Hi John, John Krukoff wrote:
Thanks for the response. Yeah, I know just how vague an error report this is. I was really hoping I was hitting something that someone else had already encountered. I've already wasted a day trying to strip the program down to just the lxml operations, and haven't been able to come up with a reduced set of the program that still causes the crash.
Try to think about the main treatments you apply to trees. Do you move elements between trees? What happens to the source tree? Does the crash go away if you keep a reference to it? (maybe in a set or list) Do you keep cyclic references between objects that reference elements, i.e. is the Python cyclic garbage collector involved in cleaning up XML trees?
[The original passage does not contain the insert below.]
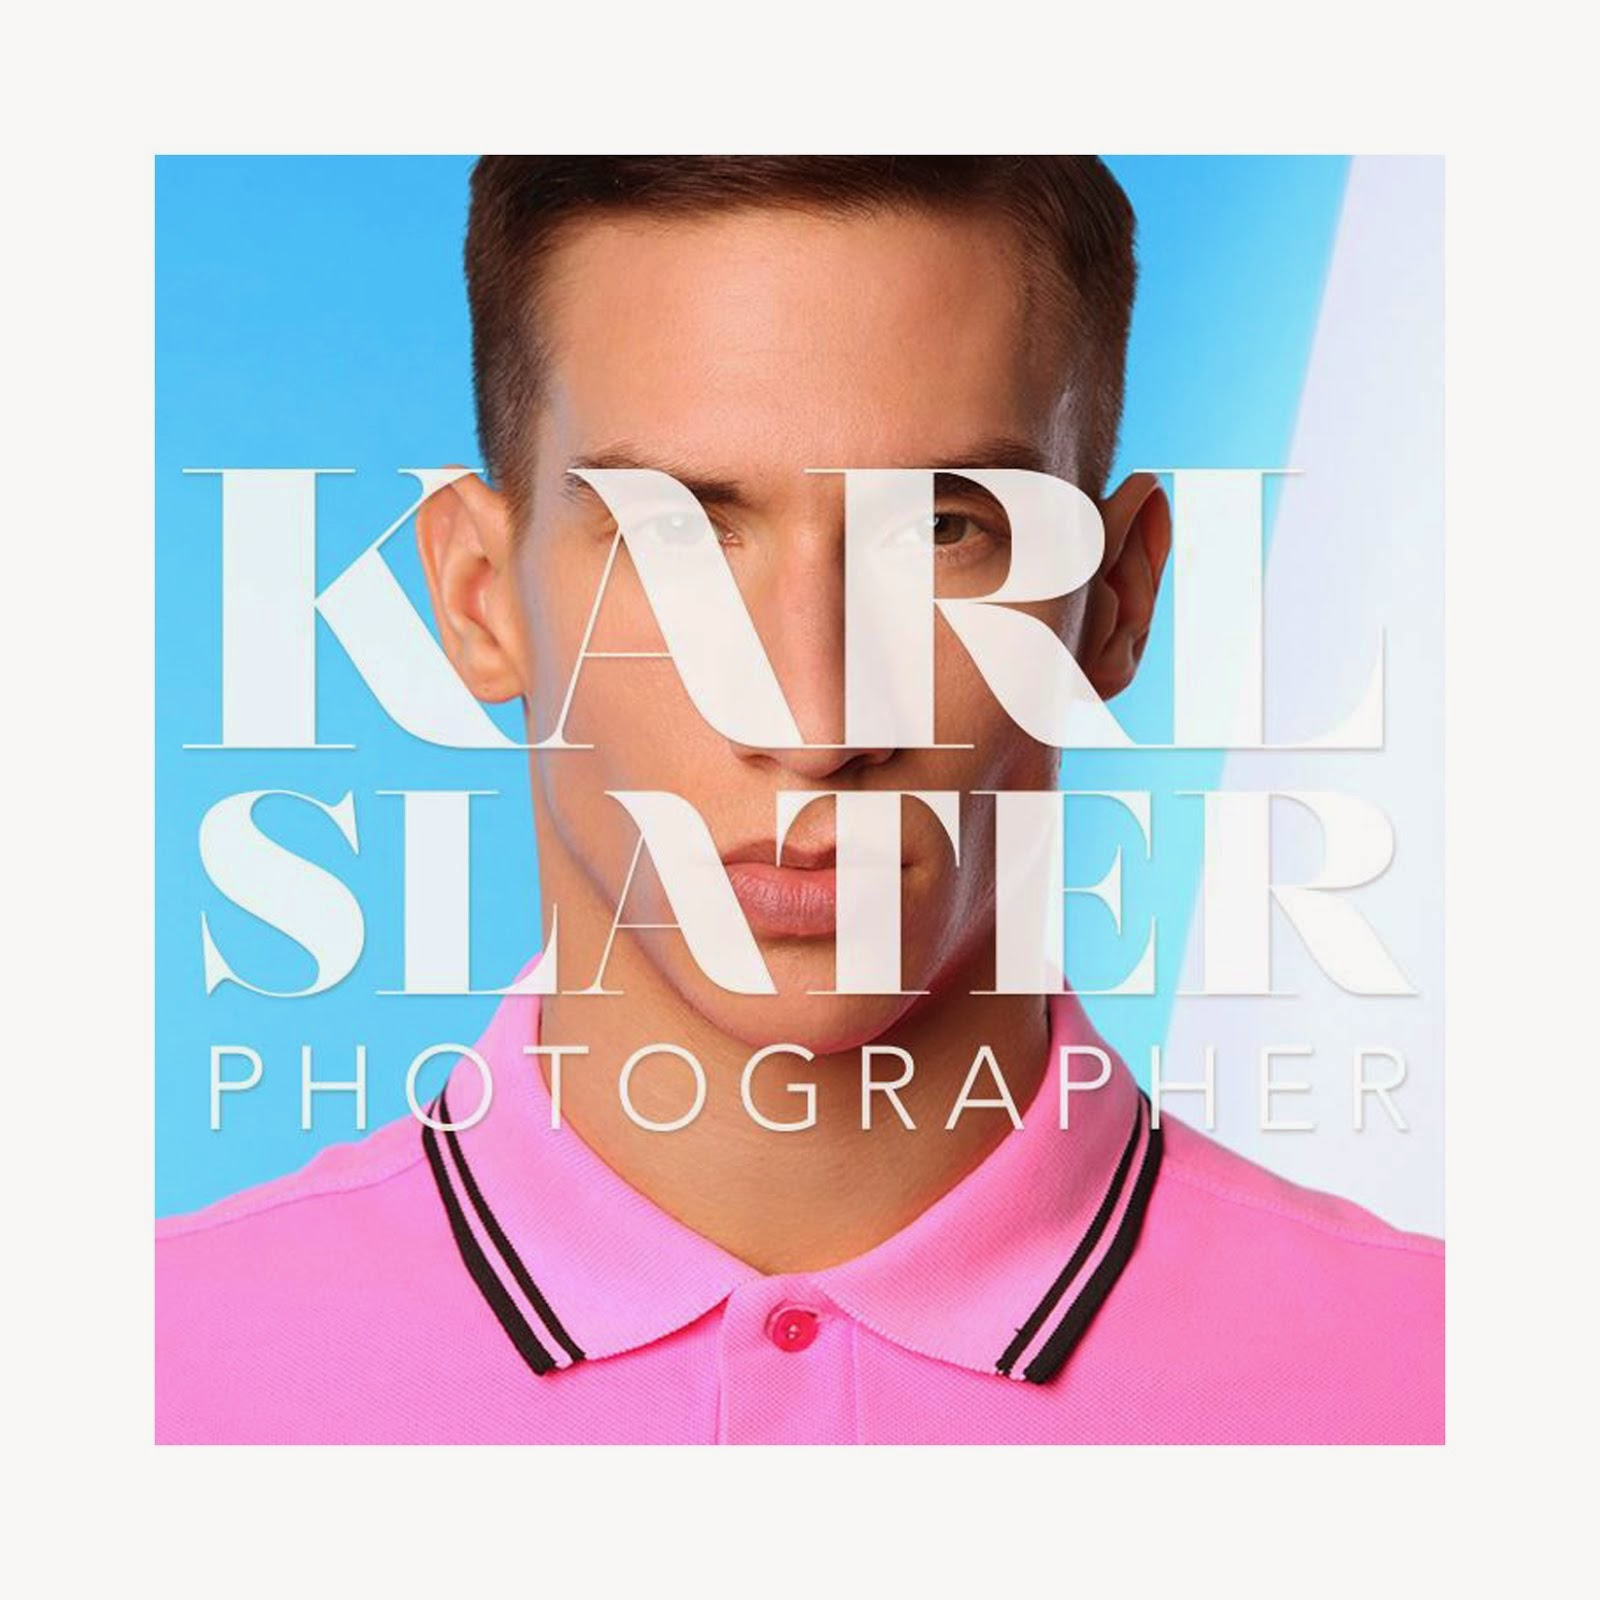 Karl Slater

If you use XSLT, can you reproduce the crash if you build the result tree (or a simpler one) by hand? Do you use XPath calls or extension functions? Are they required to trigger the crash? These kinds of bugs are mostly related to garbage collection and Python reference counting, so try to concentrate on code that results in freeing references to elements and trees. There is also a tool we commonly use to debug memory handling in lxml.etree. It's called "valgrind". doc/valgrind.txt contains a command line that allows you to run lxml with it. This gives you a stack trace when problems occur or when the program crashes that *might* give us a hint on what happened. In case you want to try, you can send me the output in private e-mail (preferably bzip2-ed or gzipped) so that I can take a look at it.
I'll spend another day on this, and see if I can't do better.